Blocks are not “free”. One degree of freedom (df) is used for each additional block. If there are no replicates in the design, such as a standard factorial design, then a model term may be sacrificed to filter out block-by-block variation. Usually these are high-order interactions, making the “cost” minimal.

After the experiment is completed, the data analysis begins. The first line in the analysis of variance (ANOVA) will be a Block sum of squares. This is the amount of variation in the data that is due to the block-to-block differences. This noise is removed from the total sum of squares before any other effects are calculated. Note: Since blocking is a restriction on the randomization of the runs, this violates one of the ANOVA assumptions (independent residuals) and no F-test for statistical significance is done. Once the block variation is removed, the model terms can be tested against a smaller residual error. This allows factor effects to stand out more, strengthening their statistical significance.

Example showing the advantage of blocking:

In this example, a 16-blend mixture experiment aimed at fitting a special-cubic model is completed over 2 days. The formulators expect appreciable day-to-day variation. Therefore, they build a 16-run blocked design (8-runs per day). Here is the ANOVA:

ANOVA1.png

The adjusted R² = 0.8884 and the predicted R² = 0.7425. Due to the blocking, the day-to-day variation (sum of squares of 20.48) is removed. This increases the sensitivity of the remaining tests, resulting in an outstanding predictive model!

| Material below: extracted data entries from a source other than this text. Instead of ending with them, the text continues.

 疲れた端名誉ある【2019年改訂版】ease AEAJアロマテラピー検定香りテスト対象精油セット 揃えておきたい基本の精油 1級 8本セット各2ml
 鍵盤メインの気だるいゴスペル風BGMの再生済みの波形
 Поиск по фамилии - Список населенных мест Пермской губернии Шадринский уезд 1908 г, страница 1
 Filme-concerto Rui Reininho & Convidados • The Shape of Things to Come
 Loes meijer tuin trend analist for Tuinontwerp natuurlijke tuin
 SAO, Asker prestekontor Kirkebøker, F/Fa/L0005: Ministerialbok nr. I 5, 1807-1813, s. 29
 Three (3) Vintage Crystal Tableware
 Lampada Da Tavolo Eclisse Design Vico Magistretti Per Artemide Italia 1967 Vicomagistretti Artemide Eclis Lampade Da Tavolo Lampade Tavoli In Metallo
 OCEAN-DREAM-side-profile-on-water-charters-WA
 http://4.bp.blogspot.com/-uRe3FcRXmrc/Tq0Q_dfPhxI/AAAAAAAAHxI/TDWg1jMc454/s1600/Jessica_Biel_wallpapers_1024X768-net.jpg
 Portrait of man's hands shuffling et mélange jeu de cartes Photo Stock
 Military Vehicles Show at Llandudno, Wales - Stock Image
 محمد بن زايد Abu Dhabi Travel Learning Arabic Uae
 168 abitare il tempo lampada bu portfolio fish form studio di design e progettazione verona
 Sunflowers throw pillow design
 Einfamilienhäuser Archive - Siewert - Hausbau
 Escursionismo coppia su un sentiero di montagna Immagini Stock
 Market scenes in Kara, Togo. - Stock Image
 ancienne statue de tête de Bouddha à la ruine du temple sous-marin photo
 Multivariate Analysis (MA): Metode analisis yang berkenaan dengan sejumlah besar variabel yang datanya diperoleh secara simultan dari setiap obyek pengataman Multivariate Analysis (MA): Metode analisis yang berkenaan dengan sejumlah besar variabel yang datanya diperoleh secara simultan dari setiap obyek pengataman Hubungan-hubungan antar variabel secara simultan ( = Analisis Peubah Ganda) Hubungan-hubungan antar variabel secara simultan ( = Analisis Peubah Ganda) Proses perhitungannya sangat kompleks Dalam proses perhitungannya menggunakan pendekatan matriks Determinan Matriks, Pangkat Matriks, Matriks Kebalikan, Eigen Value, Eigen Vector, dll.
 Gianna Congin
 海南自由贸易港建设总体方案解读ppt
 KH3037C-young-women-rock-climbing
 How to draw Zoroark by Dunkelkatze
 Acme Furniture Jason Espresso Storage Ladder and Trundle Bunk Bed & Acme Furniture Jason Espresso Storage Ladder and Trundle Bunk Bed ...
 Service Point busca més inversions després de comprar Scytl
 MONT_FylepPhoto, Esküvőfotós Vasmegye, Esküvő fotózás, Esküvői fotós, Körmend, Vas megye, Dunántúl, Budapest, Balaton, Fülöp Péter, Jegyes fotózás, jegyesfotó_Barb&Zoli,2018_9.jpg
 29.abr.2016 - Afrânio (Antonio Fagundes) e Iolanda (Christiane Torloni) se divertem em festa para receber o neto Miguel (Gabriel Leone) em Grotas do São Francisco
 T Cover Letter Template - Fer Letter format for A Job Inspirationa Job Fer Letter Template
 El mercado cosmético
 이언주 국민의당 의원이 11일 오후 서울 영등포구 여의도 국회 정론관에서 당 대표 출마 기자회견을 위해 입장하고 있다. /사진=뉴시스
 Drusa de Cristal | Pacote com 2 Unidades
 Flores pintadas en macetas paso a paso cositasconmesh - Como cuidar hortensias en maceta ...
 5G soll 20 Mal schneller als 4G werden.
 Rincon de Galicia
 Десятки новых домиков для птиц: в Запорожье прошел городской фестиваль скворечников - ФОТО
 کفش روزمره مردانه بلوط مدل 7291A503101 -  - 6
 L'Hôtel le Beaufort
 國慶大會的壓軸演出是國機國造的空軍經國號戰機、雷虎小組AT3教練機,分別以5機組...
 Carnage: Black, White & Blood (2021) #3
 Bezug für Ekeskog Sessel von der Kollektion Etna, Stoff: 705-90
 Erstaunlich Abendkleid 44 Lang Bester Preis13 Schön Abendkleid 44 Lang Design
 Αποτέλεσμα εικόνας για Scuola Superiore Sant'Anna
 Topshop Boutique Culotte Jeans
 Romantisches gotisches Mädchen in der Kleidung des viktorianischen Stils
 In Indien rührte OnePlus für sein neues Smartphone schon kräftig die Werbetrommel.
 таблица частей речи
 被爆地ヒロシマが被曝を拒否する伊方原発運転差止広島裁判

What if these formulators had not thought of blocking and, instead, simply, run the experiment in a completely randomized order over two days? The ANOVA (again for the designed-for special-cubic mixture model) now looks like this:

ANOVA2.png

The model is greatly degraded, with adjusted R² = 0.5487, and predicted R² = 0.0819 and includes many insignificant terms. While the blocked model shown above explains 74% of the variation in predictions (the predicted R-Square), the unblocked model explains only 8% of the variation in predictions, leaving 92% unexplained. Due to the randomization of the runs, the day-to-day variation pollutes all the effects, thus reducing the prediction ability of the model.

Conclusion:

Blocks are like an insurance policy – they cost a little, and often aren’t required. However, when they are needed (block differences large) they can be immensely helpful for sorting out the real effects and making better predictions. Now that you know about blocking, consider whether it is needed to make the most of your next experiment.

Blocking FAQs:

How many runs should be in a block?

My rule-of-thumb is that a block should have at least 4 runs. If the block size is smaller, then don’t use blocking. In that case, the variable is simply another source of variation in the process.

Can I block a design after I’ve run it?

You cannot statistically add blocks to a design after it is completed. This must be planned into the design at the building stage. However, Design-Expert has sophisticated analysis tools and can analyze a block effect even if it was not done perfectly (added to the design after running the experiment). In this case, use Design Evaluation to check the aliasing with the blocks, watching for main effects or two-factor interactions (2FI).

Are there any assumptions being made about the blocks?

There is an assumption that the difference between the blocks is a simple linear shift in the data, and that this variable does not interact with any other variable.

I want to restrict the randomization of my factor because it is hard to change the setting with every run. Can I use blocking to do this?

No! Only block on variables that you are not studying. If you need to restrict the randomization of a factor, consider using a split-plot design.